Sometimes, I win a fight. We rode the train chairless, imitating spring chickens: no cares in this world, no kinks in our calves. As soon as we arrived at the gates I knew we made the right decision.
If you don’t have a chair or a cumbersome bag, security gives you a cursory wave of their magical wand and sends you on your way. Our line never stopped moving, a restless gaggle of whippersnappers hopping up and down at the prospect of a rock concert. The seven lines to our left sagged — a mass of wrinkles, weary eyes, and worn-out folding chairs.
Beyond the gates, we met up with friends. Sitting friends. We stayed with them through the opening act, and then we excused ourselves. “Oscar says we have to stand up at rock concerts,” Claire intoned, like a first-grader rehashing the reason why she needs to take a bath. “He says it’s because we’re not seventy-three yet.”
We forged ahead, beyond the warning signs. NO CHAIRS PAST THIS POINT.
Here the true fans stand, those who remember where they were the first time they heard Little Lion Man. The tips of my fingers went slick, my body anticipating magic. I have known my share of supernatural nights, when the mood of ten-thousand souls synchronizes, and you witness your own joy amplified across a sea of humanity. It only lasts an hour, but there are those who spend a lifetime hoping to feel that rapturous human thunder again.
I was ready to be enchanted. Then we got bumped.

The space we had carved out for ourselves was the perfect balance of personal space and proximity to the stage. At least it was — before they descended upon us. Trains of teenagers and twenty-somethings came, with their most considerable friends assigned as cowcatchers.

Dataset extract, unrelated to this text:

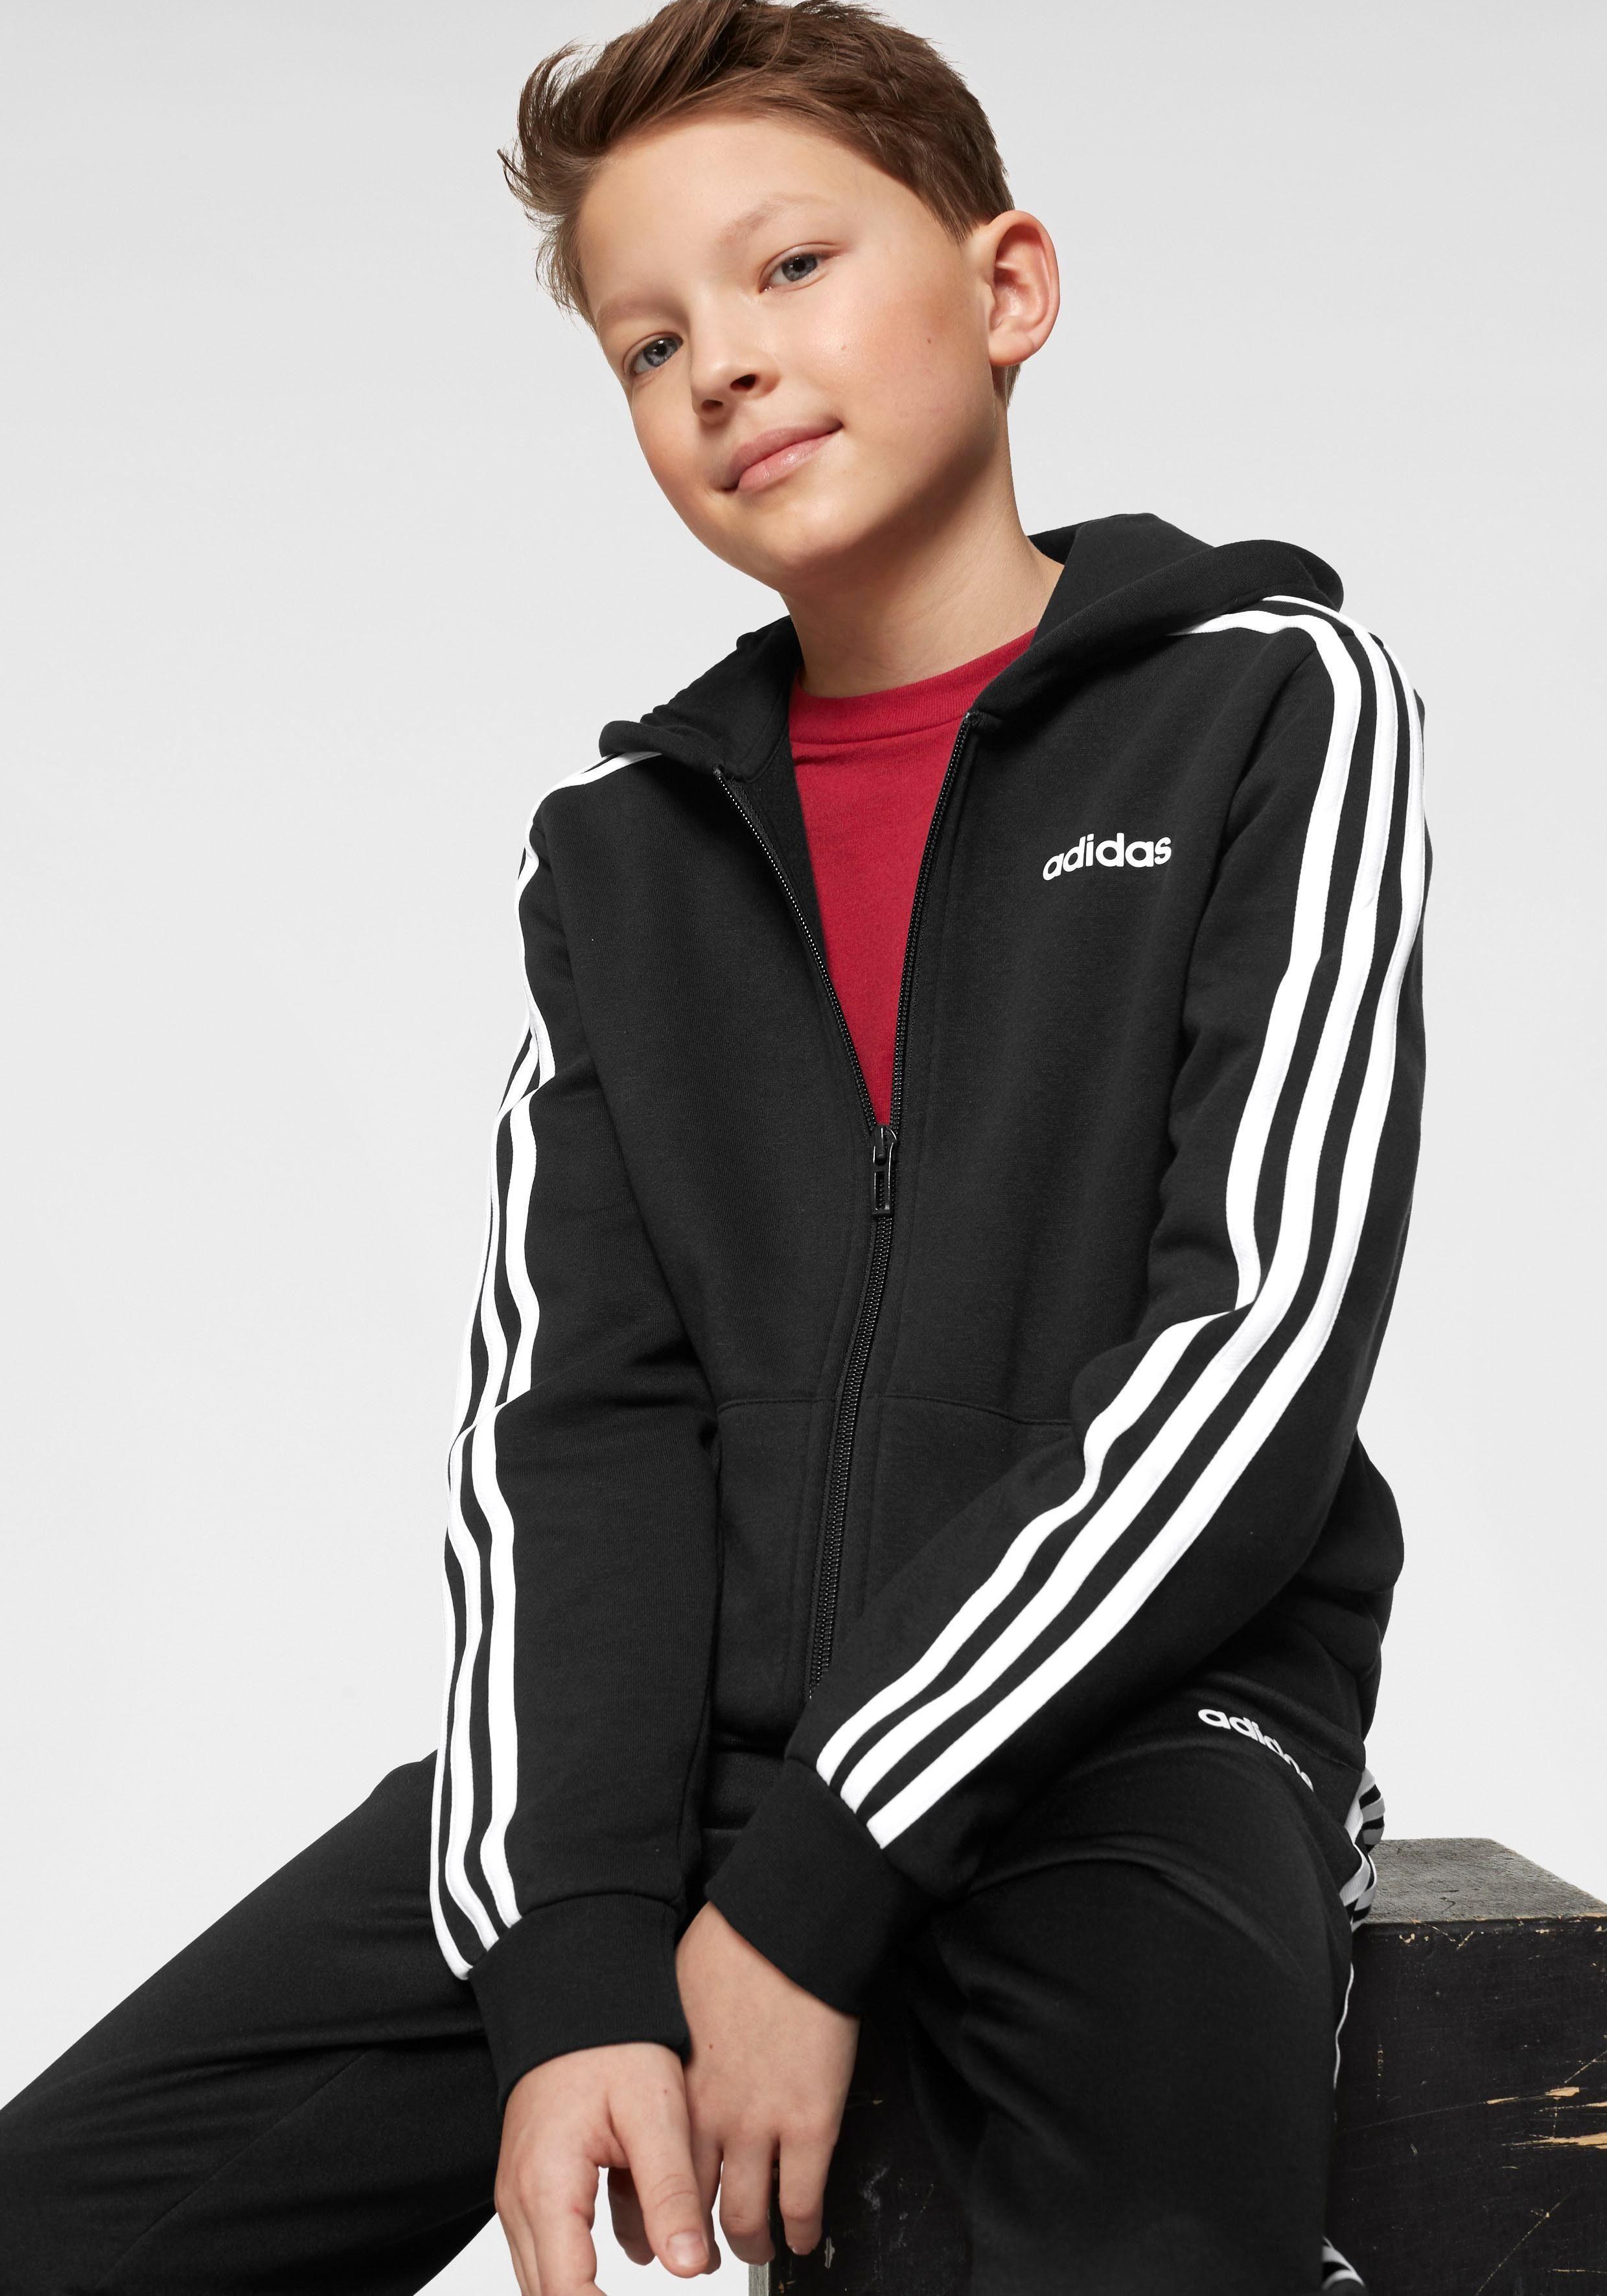 KaufenOtto Boy Stripes Essential 3 »young Hoody« Fullzip Kapuzensweatjacke Online Adidas IYfvbym76g

You can hear them click-clacking toward you. ‘Excuse me, sorry. Excuse me, sorry. Excuse me, sorry. Excuse me, sorry.’ A thousand apologies that amount to nothing more than a single proclamation:
MOVE!
If you don’t move, you get bumped. It’s entirely unfair. Their bruises will heal before the night is through. Our bodies will sport ugly purple spots until September.
Two minutes before Marcus Mumford takes the stage, a train comes to rest six inches in front of Claire’s face, treating her to an intimate display of Timmy’s neck acne. We shuffle to our left, hoping to recapture our view, only to watch as dozens of young women ascend upon the shoulders of their adoring ogres, springing to life like a field of sunflowers at first light.

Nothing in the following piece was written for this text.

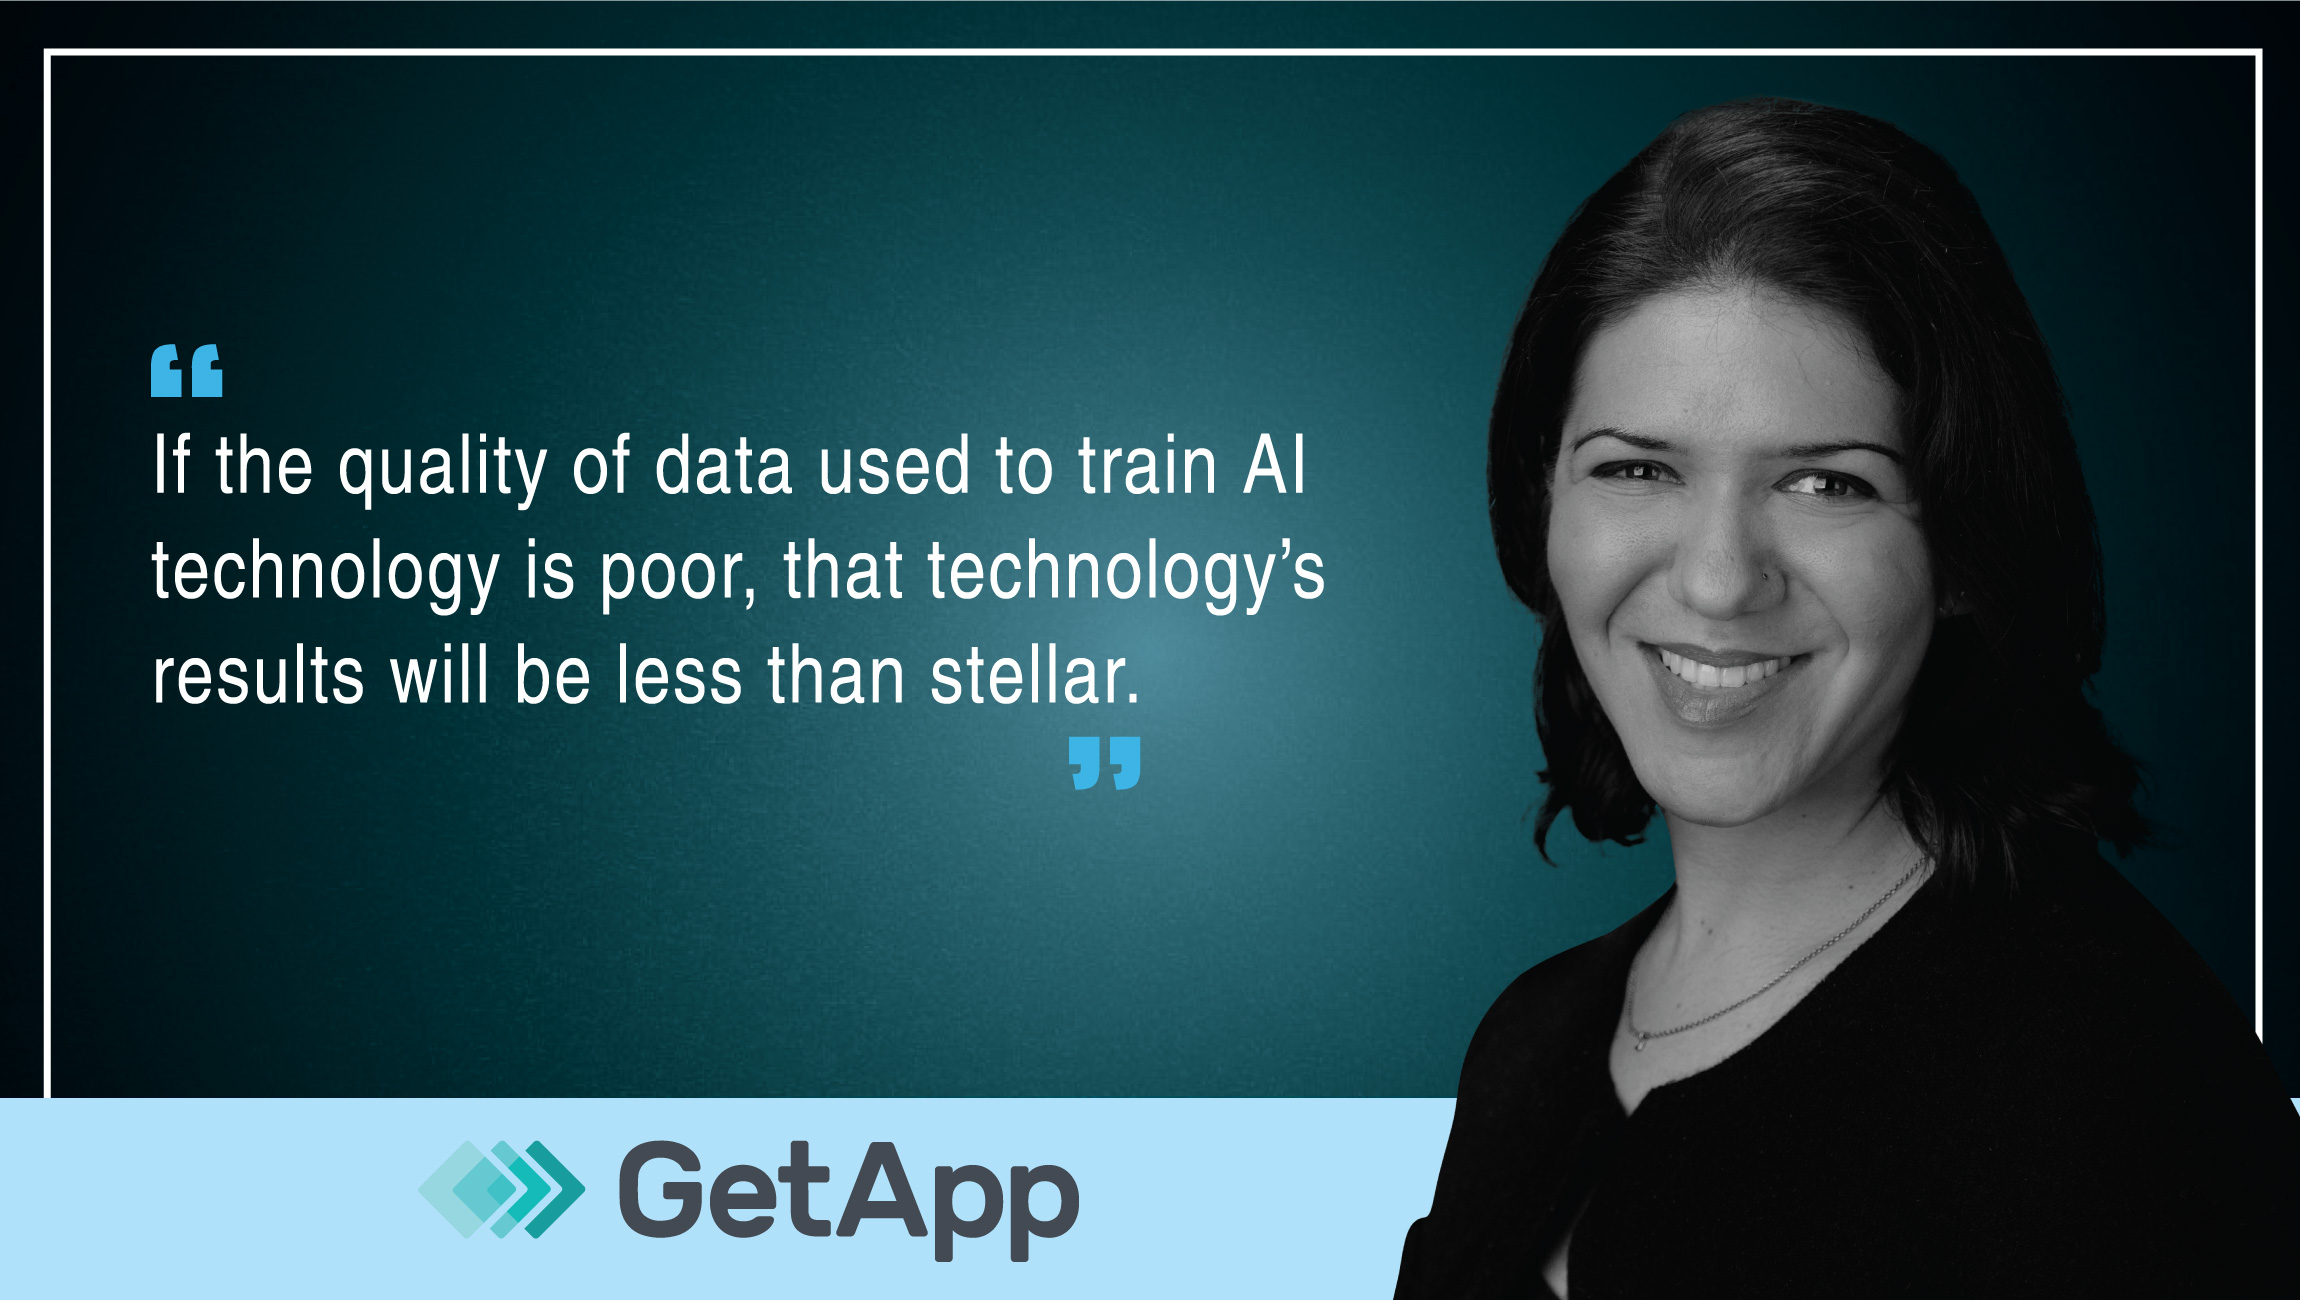 TechBytes with Lauren Maffeo, Associate Principal Analyst at GetApp

Trouble is, now only the sunflowers can see. Don’t they teach these kids about Jeremy Bentham anymore? Whatever happened to the greatest good for the greatest number of people?
I didn’t ask Claire if she wanted to go on my shoulders. We know better. She doesn’t want the attention, and I don’t want an aching neck for the rest of the weekend. I can feel her silent resentment. She hates the view, and she hates her sore feet, but most of all: she hates the bastard of a boyfriend who insisted her into this situation.
This isn’t as fun as I remember.
There’s no use pretending. We belong further back. At the end of Mumford’s third song, I leaned into Claire’s ear. “Let’s get out of here.”
“Yes,” she said.
We turned away, and hand in hand, we walked out of our youth and into our middle age. Everyone we passed looked younger than us. I apologized as we brushed by, but our departure was no inconvenience to them. “Go ahead. Give up,” their eyes said. “More room for us.”

We arrived where we started, back at the lawn chairs, and I finally felt the belonging I longed for.
Were we wrapped in ecstasy, surrounded by devotees who knew the lyrics to I Will Wait better than I know the back of a bottle of Pepto Bismol? No. Instead we sang the words we happened to know and swayed in each other’s arms. We watched a great band cast their passion across the city; we just watched it on a giant screen, instead of in slivers through the shoulders of strangers.
Mumford & Sons put on a fine show — fireworks and all — but my favourite moment of the night was when the train arrived to take us home, and I saw that there were two free seats. We fell onto the seat cushions and sighed.
I have reached the sitting years of my life, and much to my surprise, I’m looking forward to them.